Ungar is the only blind person working in this capacity for Amtrak, but she says there are agents with other disabilities in the Riverside call center. After 21 years, she quips, at age 47, that the best part of her job is going home. In a more serious vein, she points out that she takes satisfaction in knowing she has done a procedure well, helped another person, and been productive. She earns $35,000 to $40,000 a year, has excellent medical coverage, a good retirement plan, and significant savings on train travel. "I have very good bosses," Ungar says. "They expect me to have the same statistics and attend the same trainings as everyone else."
Call on Me
Scott Hegel, age 39, is pretty sure that he's the only blind person anywhere doing his particular job. He also finds that situation ironic, since the work is so easily adapted with assistive technology.
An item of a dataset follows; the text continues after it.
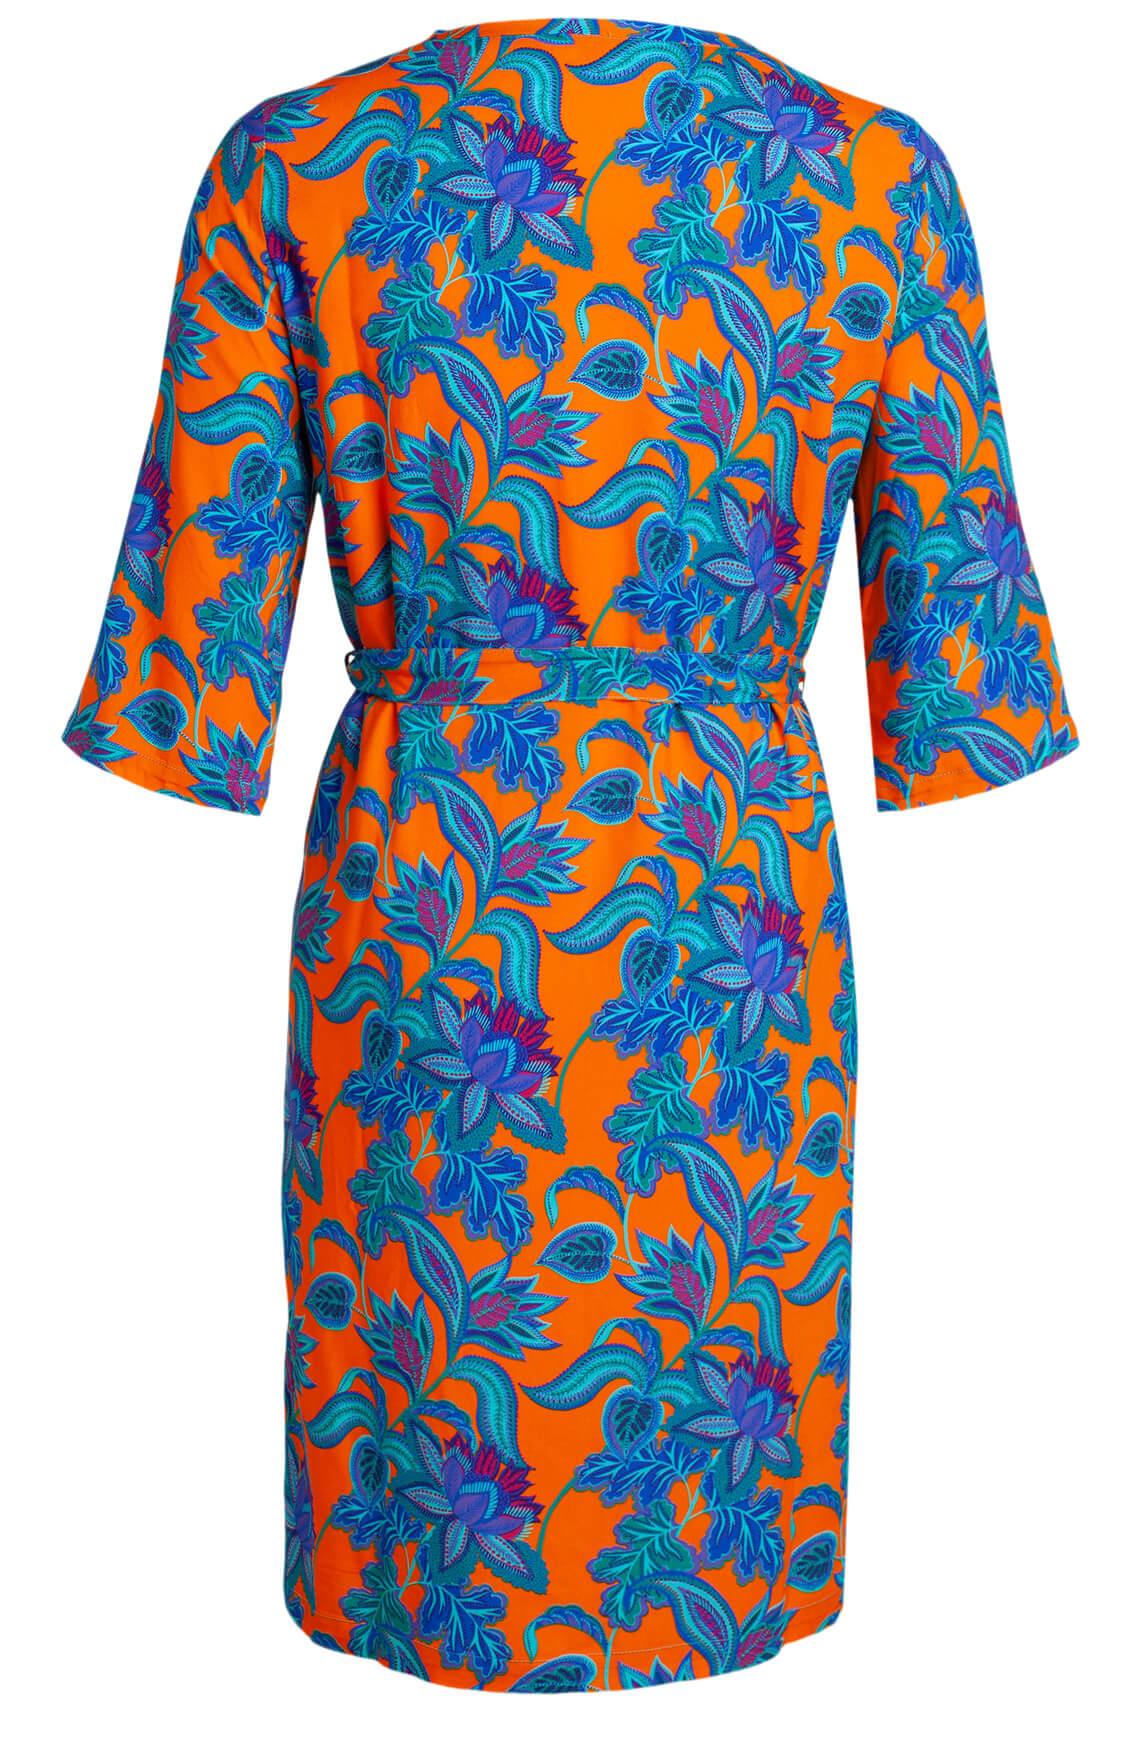 Anna Dames Jurk met bloemenprint Oranje

As a business application consultant for Nors tan Communications in Milwaukee, Hegel is responsible for selling and installing PBX phone systems in hospitals and businesses nationwide. Yet, he rarely leaves his desk.
With Hyperterminal and a 56K modem, he dials into computer systems running customers' 100-plus phone systems anywhere in the country. He can install, adjust, and repair the phone features of a customer's multiline telephone system. Sometimes, he trains a new system administrator on the layers of features provided in a new voice mail system. Sometimes, he helps get into a voice mail box that has been inadvertently locked. He may move, consolidate, or alter mailboxes and features—and he does all of it from his own keyboard.
Hegel uses JFW 3.7 and an 80-cell PowerBraille. His braille display shows all the functions and features of a given system easily. He says he has learned the software of hundreds of such communications products—Octel, ZMX, Audix, and many others. "I'm not a programmer per se," he says, but he has mastered the quirks and details to make software work the way a customer needs it to.
Some companies do not have a designated system administrator for their phone systems. In that case, Hegel provides the training and troubleshoots problems himself. "I may be answering a question for an employee somewhere in Texas," he says, "and they usually don't even know that I'm in Milwaukee." Although his system offers speech, he relies primarily on the braille display to do his job. For storing phone numbers and appointments, he uses the Parrot Voice Mate, a personal organizer with voice recognition.
A self-proclaimed "phone freak," Hegel loves his job and would recommend it to others. His salary is in the $40,000 to $45,000 range, his medical and vacation benefits are excellent, and he is interacting with interesting people every day.
Like Nichols and Ungar, Hegel is the only blind person in his particular place of business. Also like the others, he rarely has occasion to mention his blindness to the person he is assisting. All three depend heavily on assistive technology, particularly braille, and they all say they would recommend the job to others.
Certainly, individual ability and persistence played a part in these three people obtaining employment. Connecting with experts with the knowledge to make assistive technology adapt to the specific tasks at hand was also critical to their success. Another interesting common denominator was the expectation, of each of their employers, that the job functions could be adapted and that, with accommodation, a blind worker could be as productive as anyone else. "Delta bent over backward to give me the tools I needed," Nichols says. Once established, however, each expressed a sense of equality on the job.
Of course, in a perfect world, that sort of climate would just be taken for granted. Maybe in an almost-perfect world, more people who are blind and visually impaired will be trained and accommodated in these and other jobs.